Amidst the long, drawn-out recovery from the Great Recession, a new intellectual culture is taking shape throughout the country. While corporate executives bemoan the financial fate of newspaper, magazine and book publishing (to say nothing of the record and movie industries), an unprecedented flowering of intellectual life is underway. It signals a rebirth of ideas in America.
This new intellectual environment takes two principal forms, online and public. Online has gotten the most attention given the explosion of web publishing. While the Internet is cluttered with an infinity of garbage, it does provide invaluable access to versions of mainstream and alternative print outlets, innumerable web-only ventures and zillions of “self-published” commentary identified as personal websites, blogs, YouTube rants, Facebook postings and Tweets. The Internet is home to a new intellectual culture.
Less discussed are the efforts by people to reclaim public space for discussion and social engagement over ideas. America has long cultivated public venues that fostered social gatherings and intellectual discourse, whether libraries, “Ys,” fraternal meeting halls, labor unions, senior centers or local bookstores. They have welcomed Americans for decades and still draw loyal followers.
Something different has emerged over the last decade or so, one recalling the great era of salons that occurred during the early decades of the 20th century. This something new grows out of the coffee shop phenomenon commercialized by Starbucks and Peets. While superficially recalling the good-old coffee houses of the counterculture ‘60s, they lack the fun, live music or politics of the days gone by.
Nevertheless, these coffee shops established public spaces for strangers to get together and, more than anything else, to encourage flirting and casual hook-ups. Some of the more enterprising venues have pushed the boundaries of social commerce and welcomed, at off-hours, presentations by poets, writers and filmmakers in an effort to fill the venue and sell product.
More significant, Move-On incubated a decidedly self-conscious spirit of political discussion. Founded in 1998 by well-intentioned online activities, it played an invaluable role mobilizing grassroots support for Obama and the Democrats in the 2008 campaign. In 2010, it organized hundreds of “Rock the House (and Senate)” house parties. Obama’s effort to recapture his base for the 2012 election will likely revitalize MoveOn and its grassroots efforts.

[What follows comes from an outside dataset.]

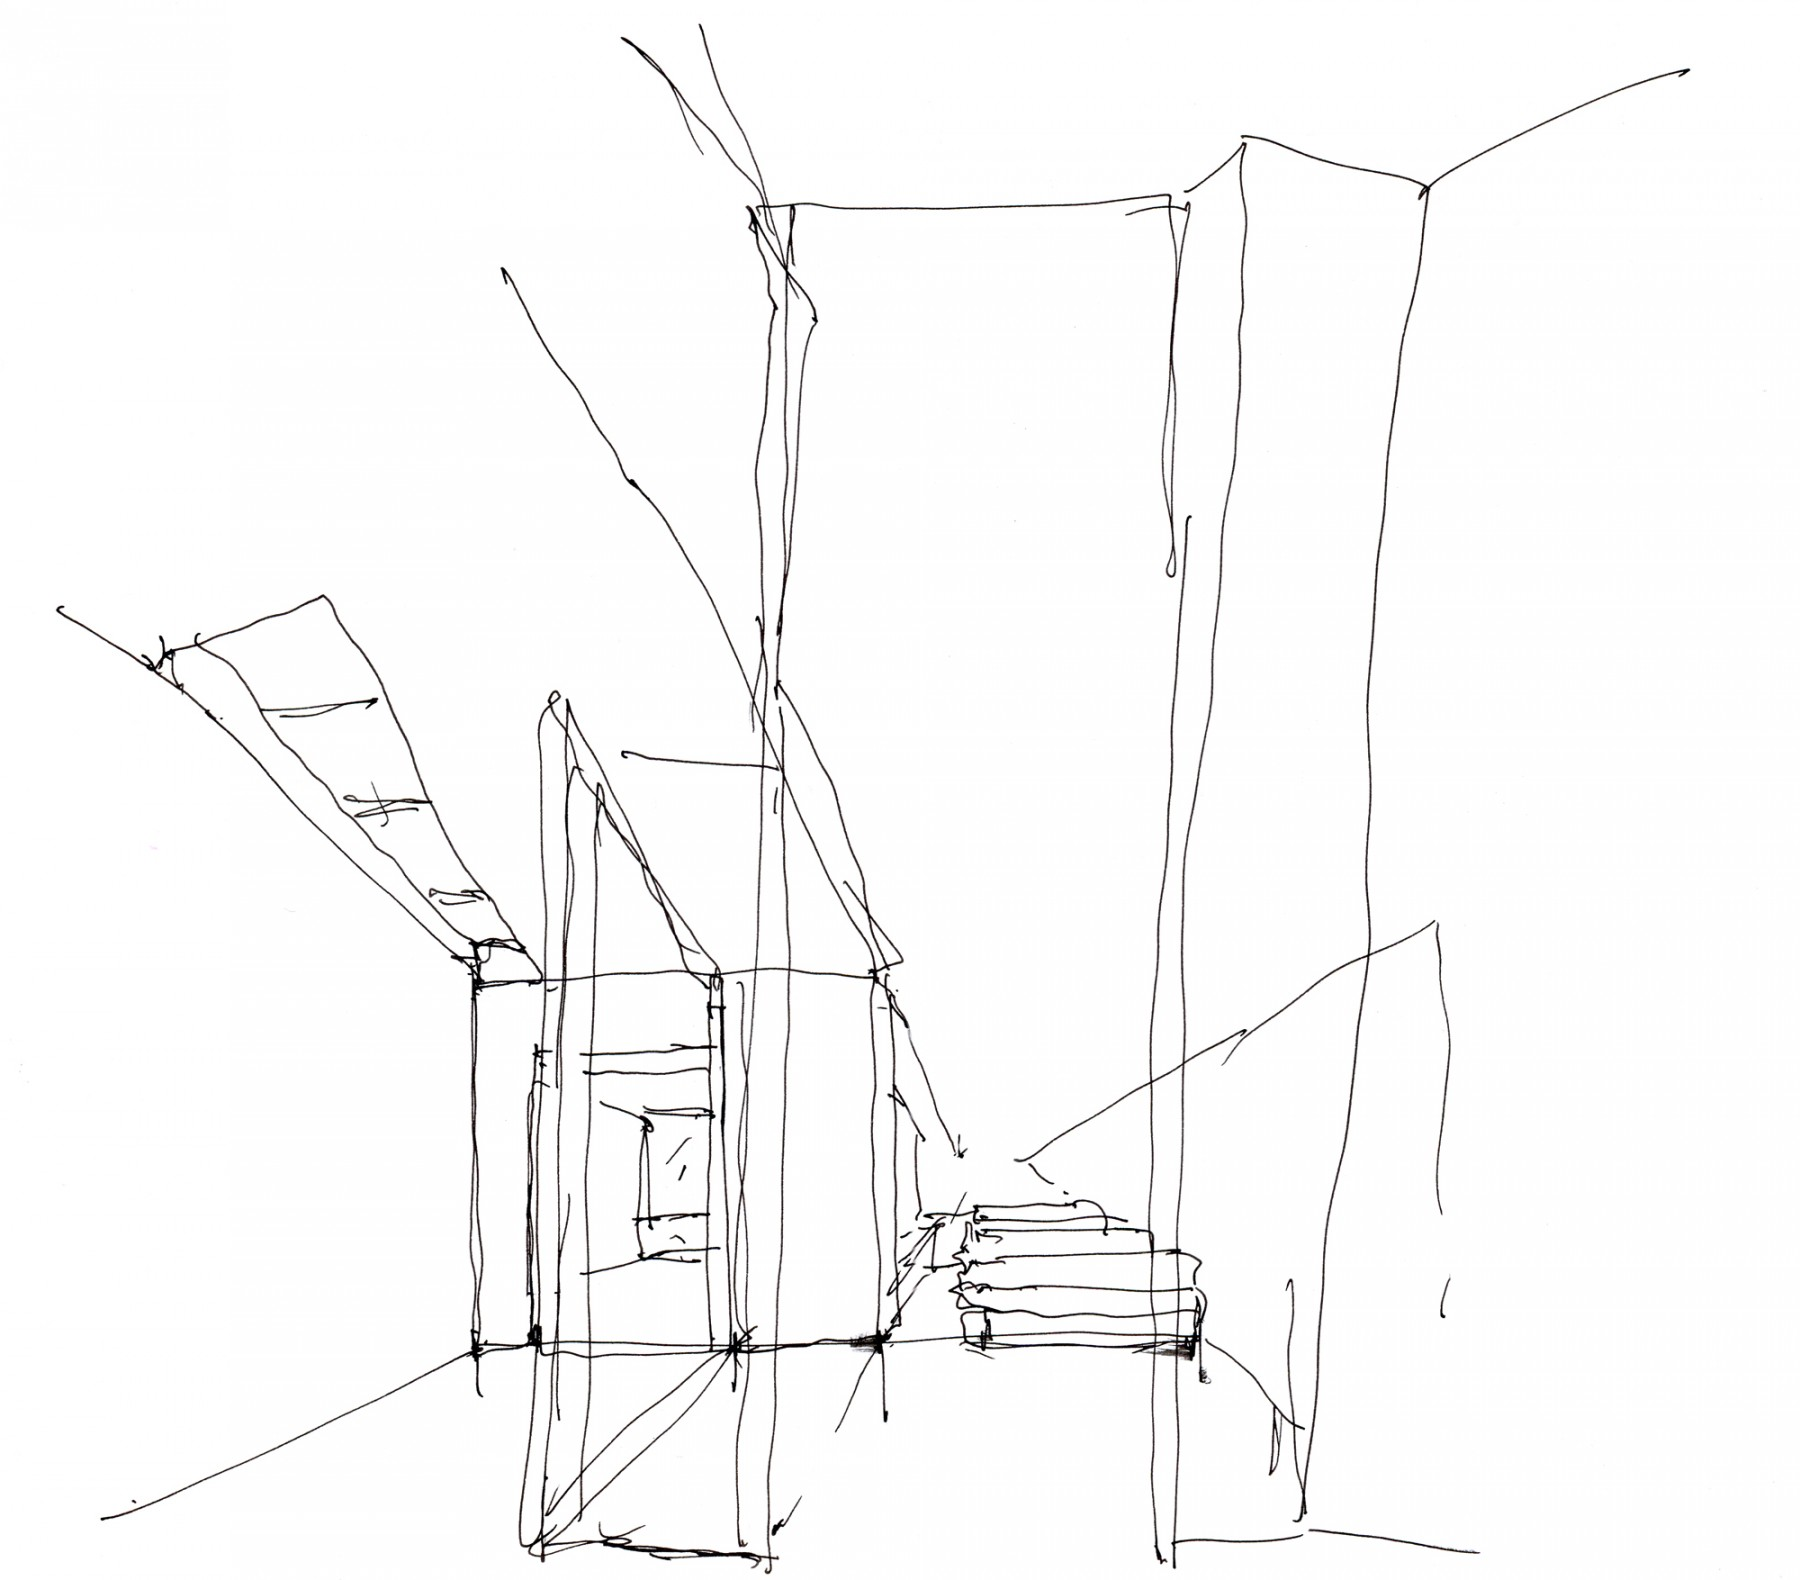 Kander-house-Primrose-hill-London-residential-home-contemporary-interior-Riba-award-victorian-Jamie-Fobert-Architects-sketch

At earlier gatherings, local Move-On affiliates welcomed groups of interested people to their homes or to public venues like arts or seniors center. These gatherings ranged from telephone-organizing drives, discussions of a pre-identified topic (e.g., healthcare, Congressional corruption) or the viewing and discussion of videos. Some draw only a dozen local activities, while others welcoming more than a hundred people, they fostered that informal camaraderie missing from large demonstrations.
Sensing the growing popularity of social gatherings, opportunistic entrepreneurs quickly jumped into the game. Meetup was the first, founded in 2001, and remains the leader; it got into politics backing Howard Dean’s failed 2004 presidential ambition. Other social facilitators include BigTent and GroupSpaces; however, online social networking capabilities offered through FaceBook, Twitter or Craigslist allow essentially everyone to convene a get-together.
For all the cautionary tales of cyber-stupidity and Internet solipsism spouted by media pundits, people in New York, San Francisco and other cities are attending intellectual get-togethers at unprecedented numbers. Yes, everyone feels overwhelmed, whether by mounting bills, political uncertainty or natural disasters. Yet, more and more people are drawn to public venues of discourse and conviviality to think, engage with others, flirt, organized political actions and add something meaningful to their lives. They are 21st century version of the classic salon, venues where ideas matter.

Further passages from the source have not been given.